Lettre à ma sœur.

13:19 Glad Wood 17 Comments


Quand on m'a dit que j'allais être grande sœur, j'étais déjà grande. Et durant les mois de la grossesse, je ne me suis pas du tout intéressé à ce petit être dont tout le monde parlait. J'ai continué ma petite vie de fille unique, jusqu’à ce 17 mai 2004. Le jour de ta naissance. Le jour  je suis devenue grande sœur. Moi qui pendant des mois, me fichais complètement de ça, le jour ou je t'ai vu, ou je t'ai pris dans mes bras, j'ai su que tu serais la personne la plus importante de ma vie. Tu étais si petite, si fragile. Tu es devenue ma priorité. Mais je ne savais pas encore ce que "être grande sœur" voulait vraiment dire. Je ne le savais pas encore à ce moment, mais ça sera le meilleur rôle de ma vie.
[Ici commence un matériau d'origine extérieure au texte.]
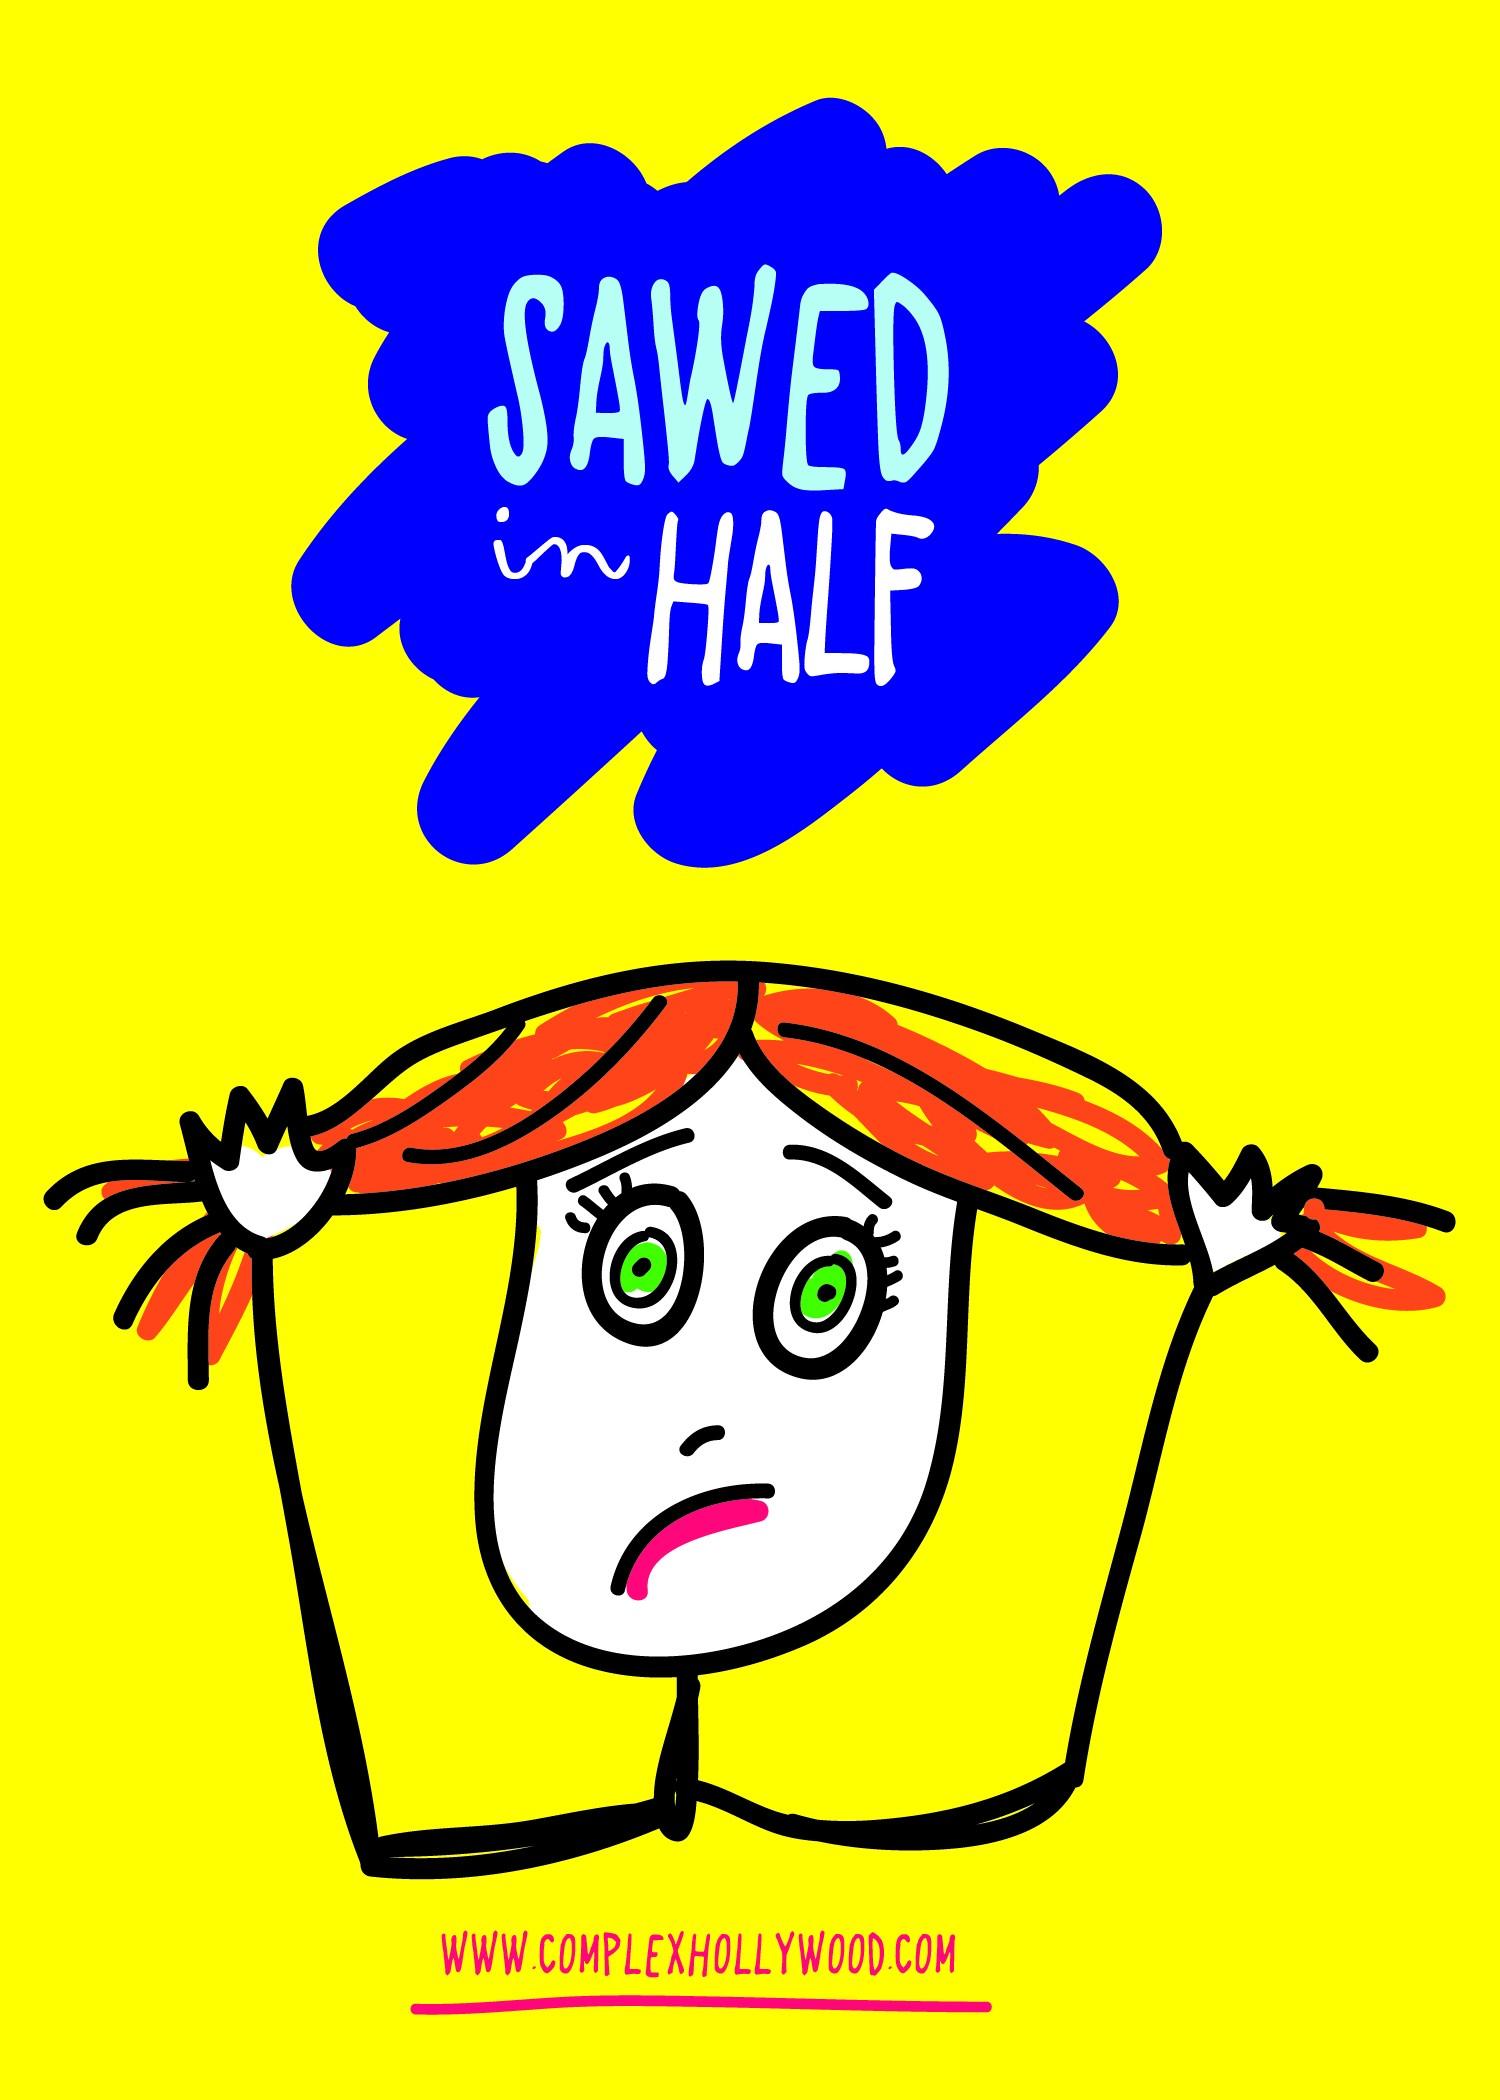 Andrea Mezvinsky -- SAWED IN HALF!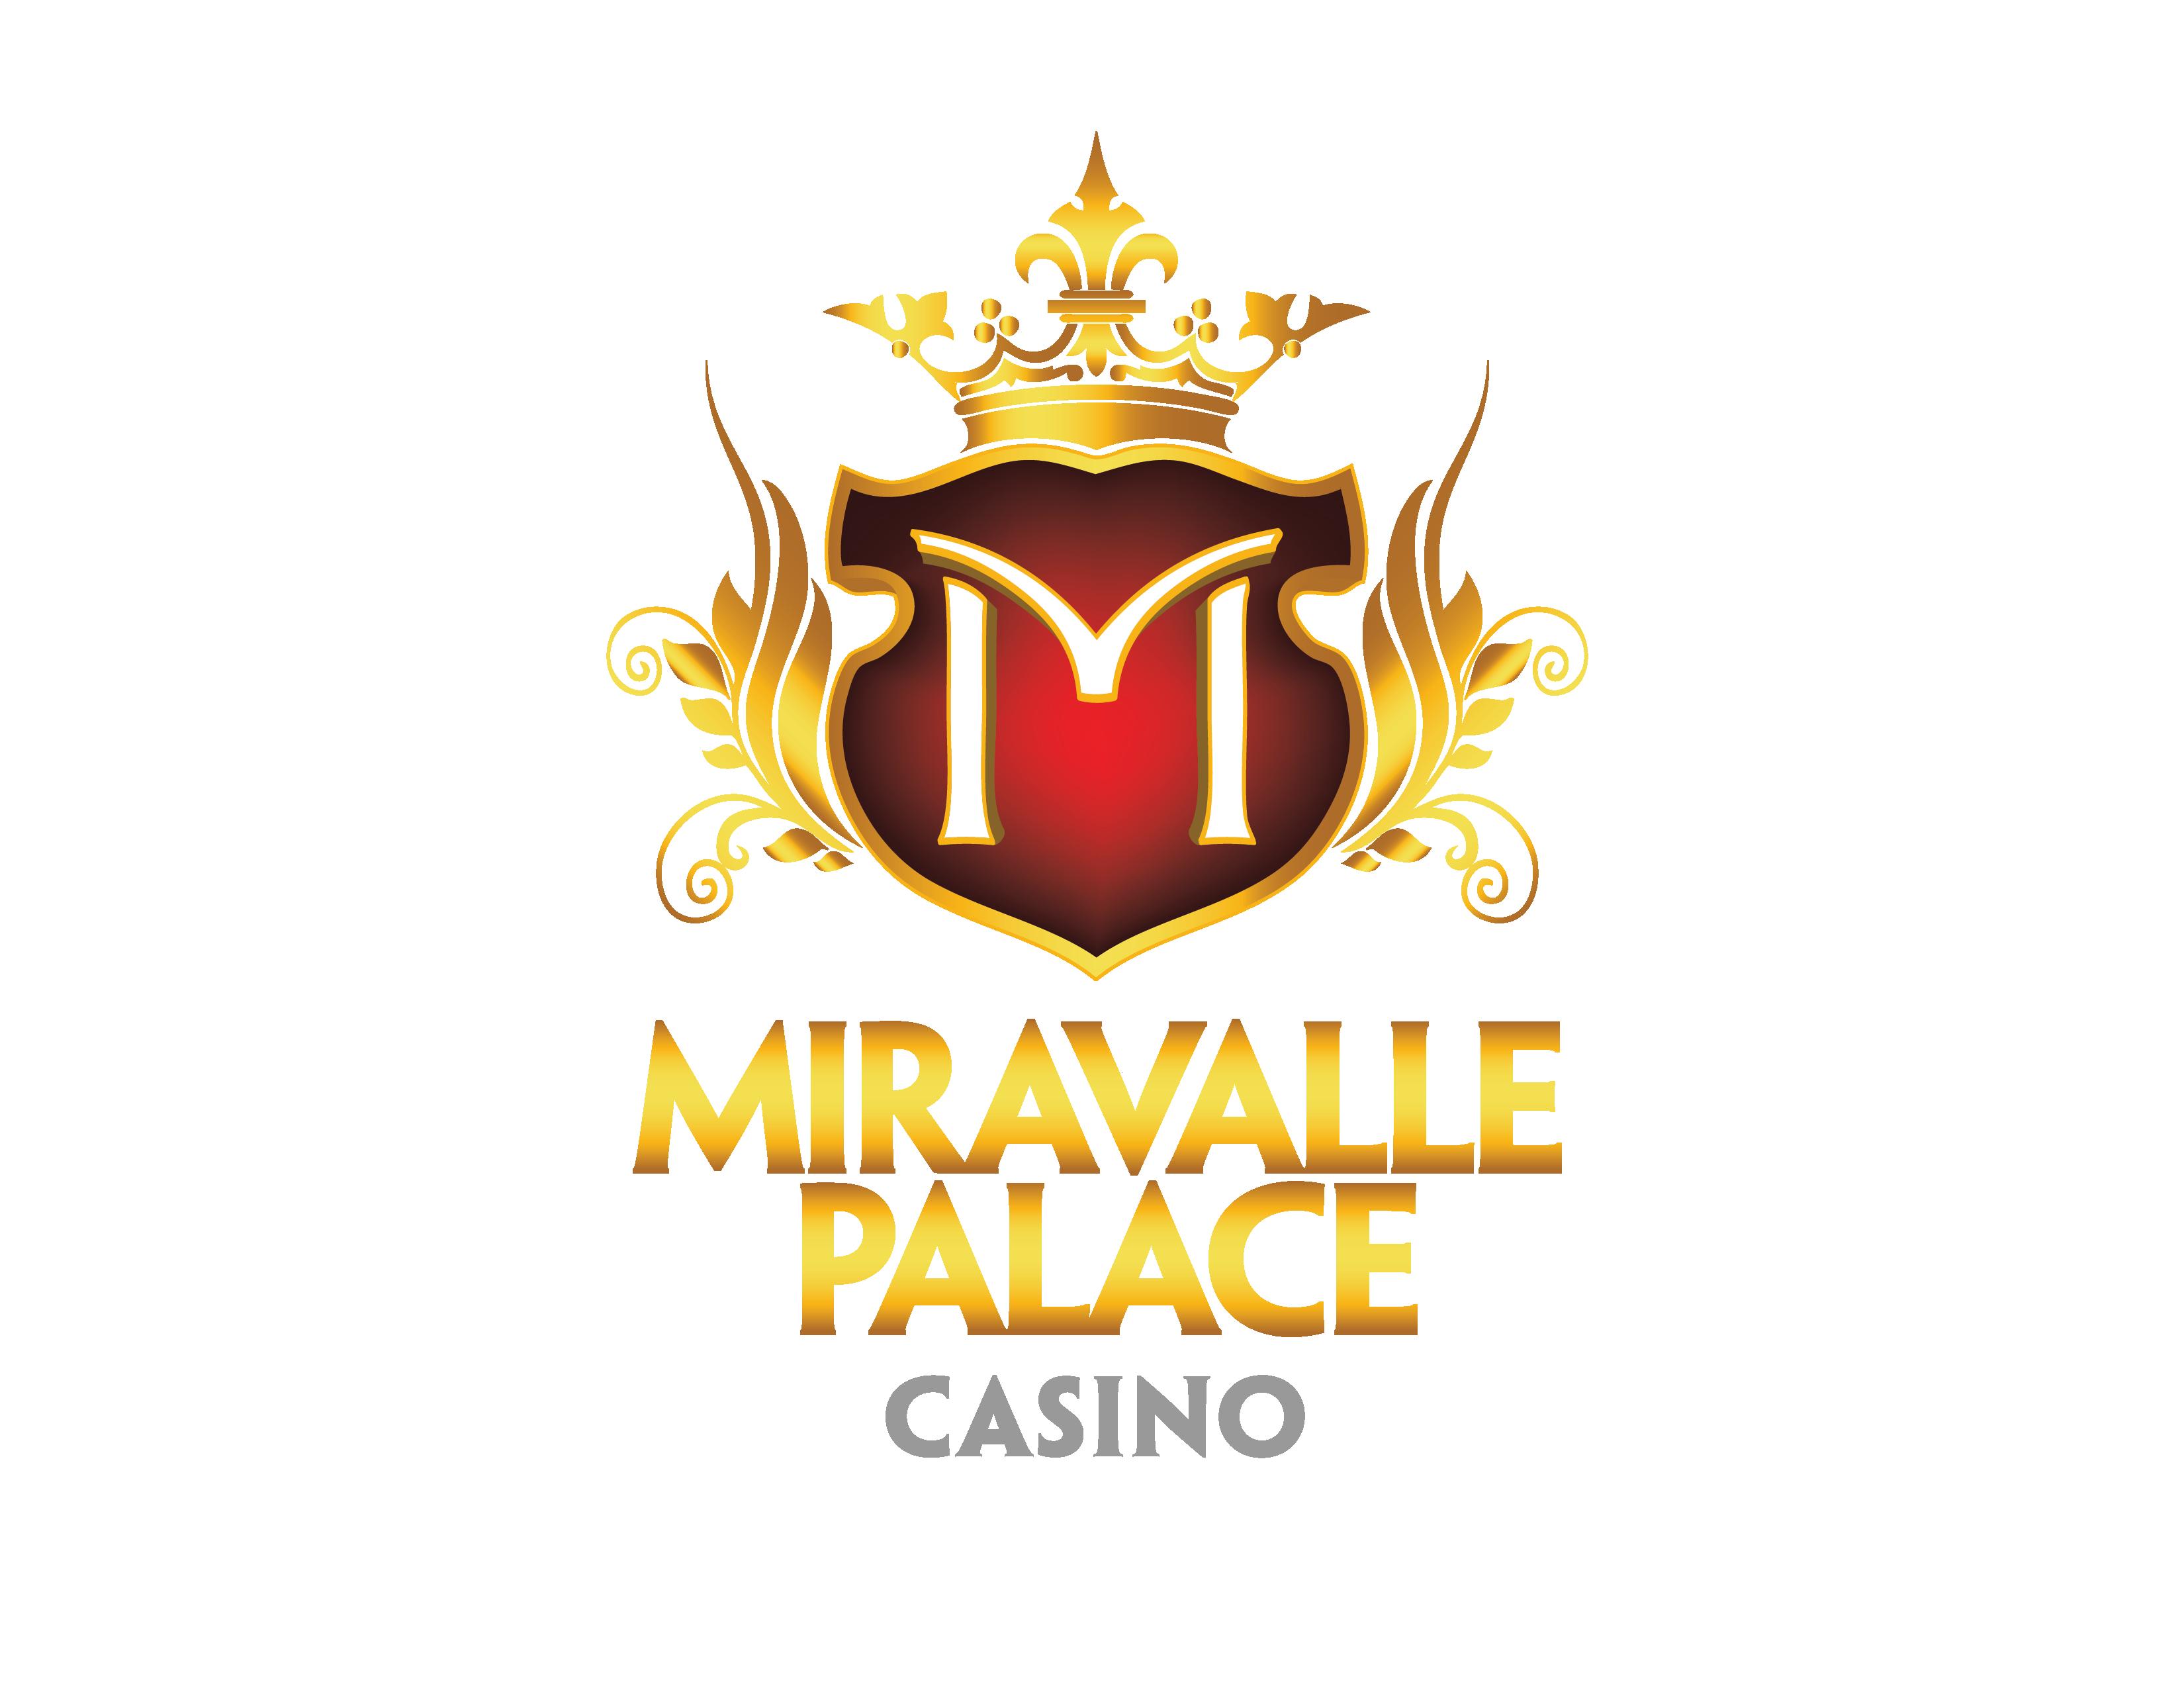 Casino miravalle.com french lick indiana casinos

Tu ne t'en souviens certainement pas, mais depuis que tu es petite je suis là, jamais loin. Je te regarde. Je crois que je n'ai jamais passé autant de temps avec maman, grâce à toi. J'ai passé des heures à la regarder s'occuper de toi. J'étais tellement fière d’être ta sœur. Je t'aimais chaque jour un peu plus. En rentrant du collège je te prenais dans mes bras, c'était le rituel. Le soir, je me retrouvais dans ton petit parc et je jouais des heures avec toi. Tu n'avais pas la parole, mais on était déjà très complice. Je me souviens d'un anniversaire, tu marchais à peine, tu avais eu une petite maison pour le jardin, mon rêve à moi d'enfant. Il pleuvait ce jour-là, mais on y a passé la journée, même si j'avais mal au dos, vu la taille miniature de la maison. J'ai toujours aimé jouer avec toi. Je m'en fichais qu'on rigole de moi, il n'y avait déjà que toi. Il n'y a toujours eu que toi.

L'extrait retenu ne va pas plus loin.